# Painted Ladies



## Maxxdad (Feb 5, 2014)

So anyone out there paint/cammo their firearms?

It's winter and I ran out of gun parts to play with so I decided to cammo a couple guns. Ordered some colors and went to town.
Really enjoyed doing it. Not things of beauty but they are not meant to be a fashion statement.


----------



## Maxxdad (Feb 5, 2014)

Here is one of the project guns.


----------



## tango (Apr 12, 2013)

Turkey guns and varmint guns should be camo'd
The rest---not so much
But hey-- it's your toys, play as you wish


----------



## Maxxdad (Feb 5, 2014)

But Tango, this is a varmint gun!


----------



## tango (Apr 12, 2013)

Then you are gtg


----------



## Seneca (Nov 16, 2012)

I have and will paint guns, though I only paint guns that are in need of a face lift.
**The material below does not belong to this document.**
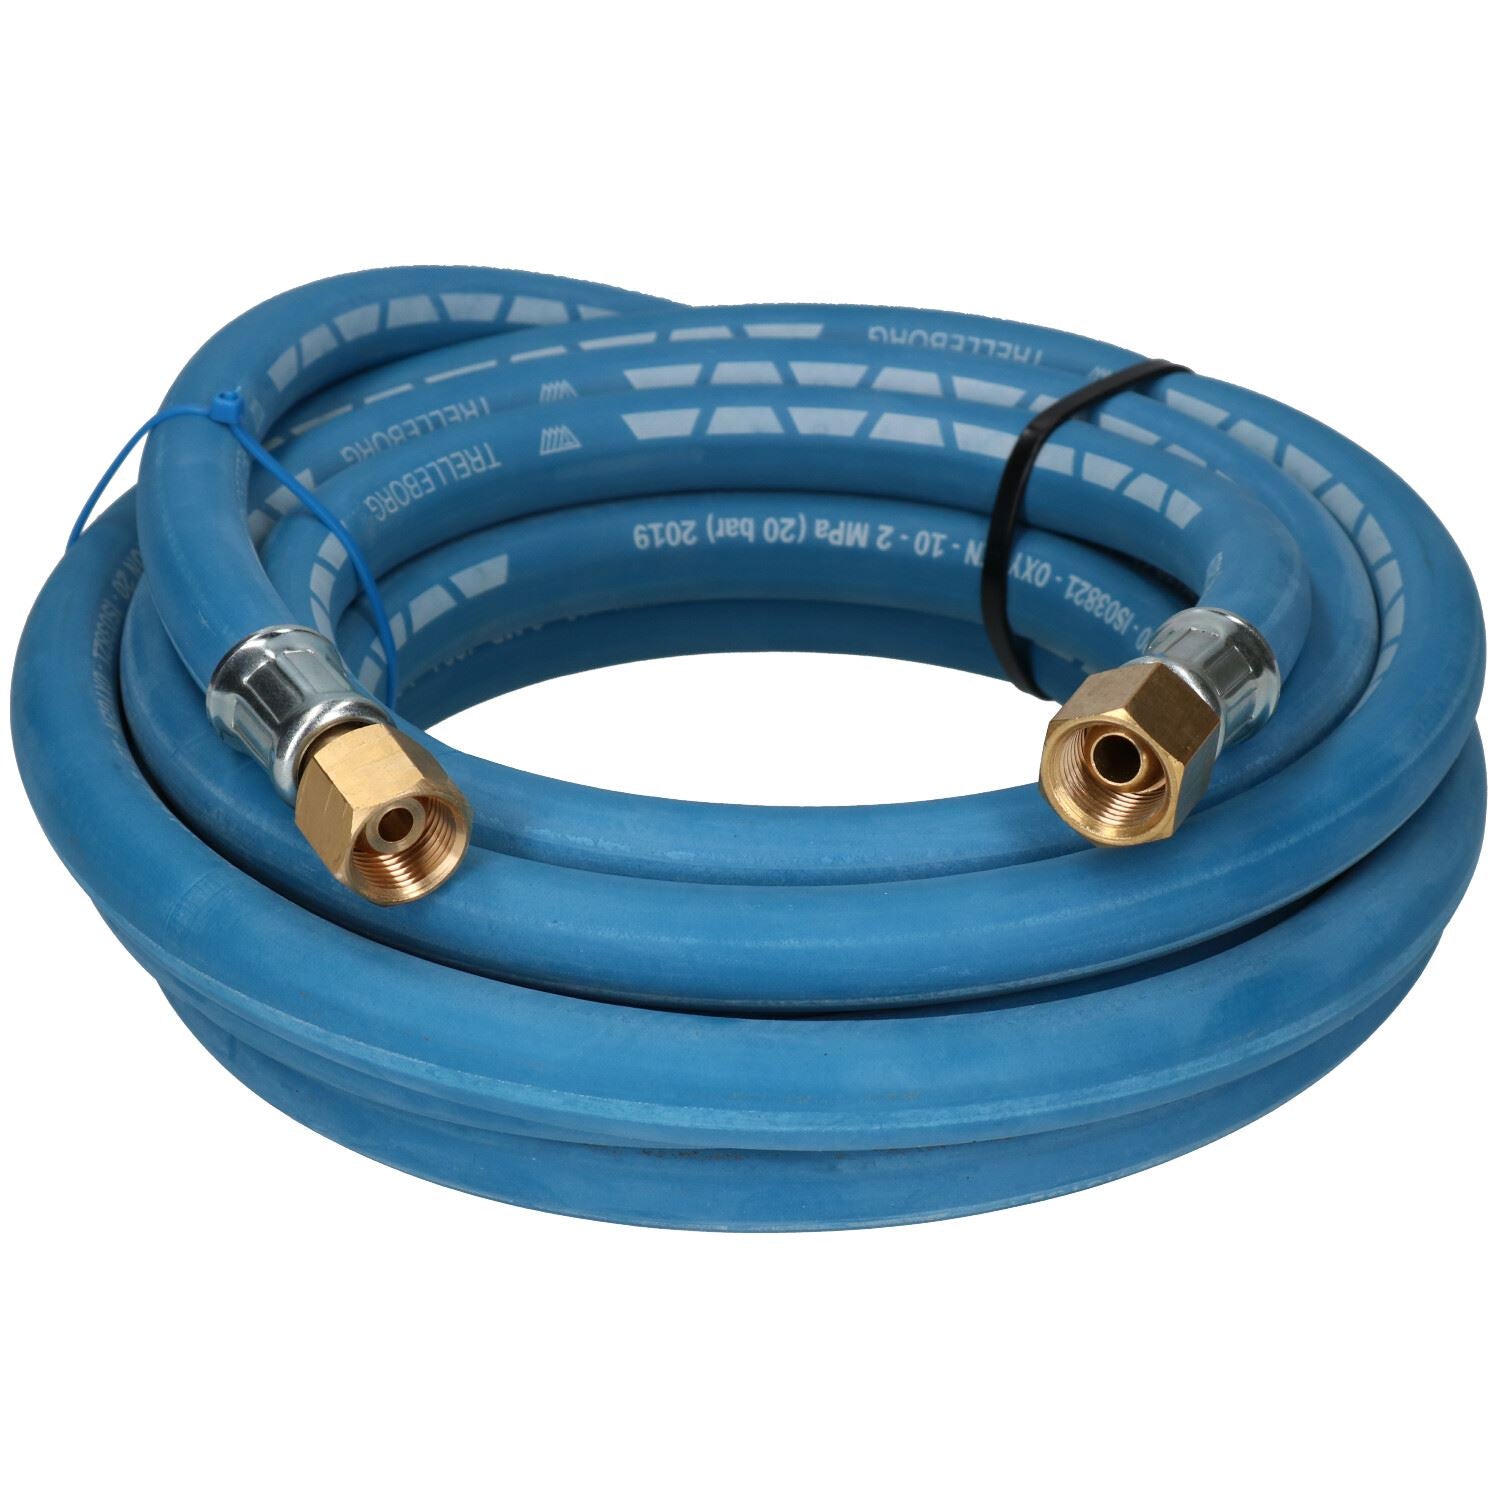 Single Oxygen Fitted Rubber Hose Pipe Cutting & Welding 5M 3/8" BSP Gas Blue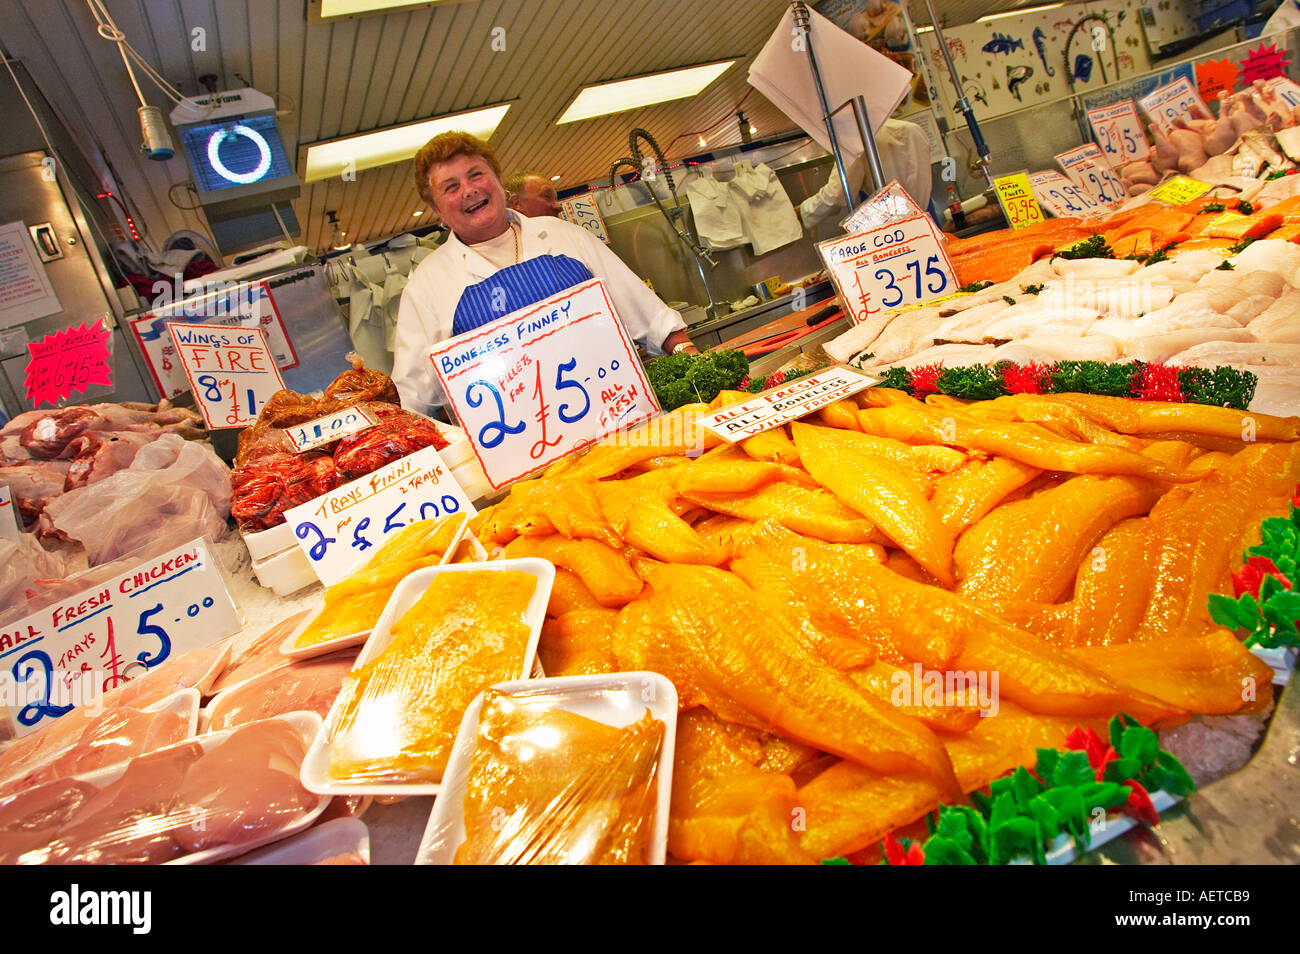 Market stall selling fresh fish in Doncaster, UK Stock Photo

New guns no way! once they get rough around the edges then I'll paint them to give them a fresh look.


----------



## dannydefense (Oct 9, 2013)

If you have a black gun, paint it flat dark earth, then throw yourself off the top of a hill and roll down. Don't forget to take the AR with you.

If your black gun is already flat dark earth, well... it's still fun to throw yourself off the side of a hill.


----------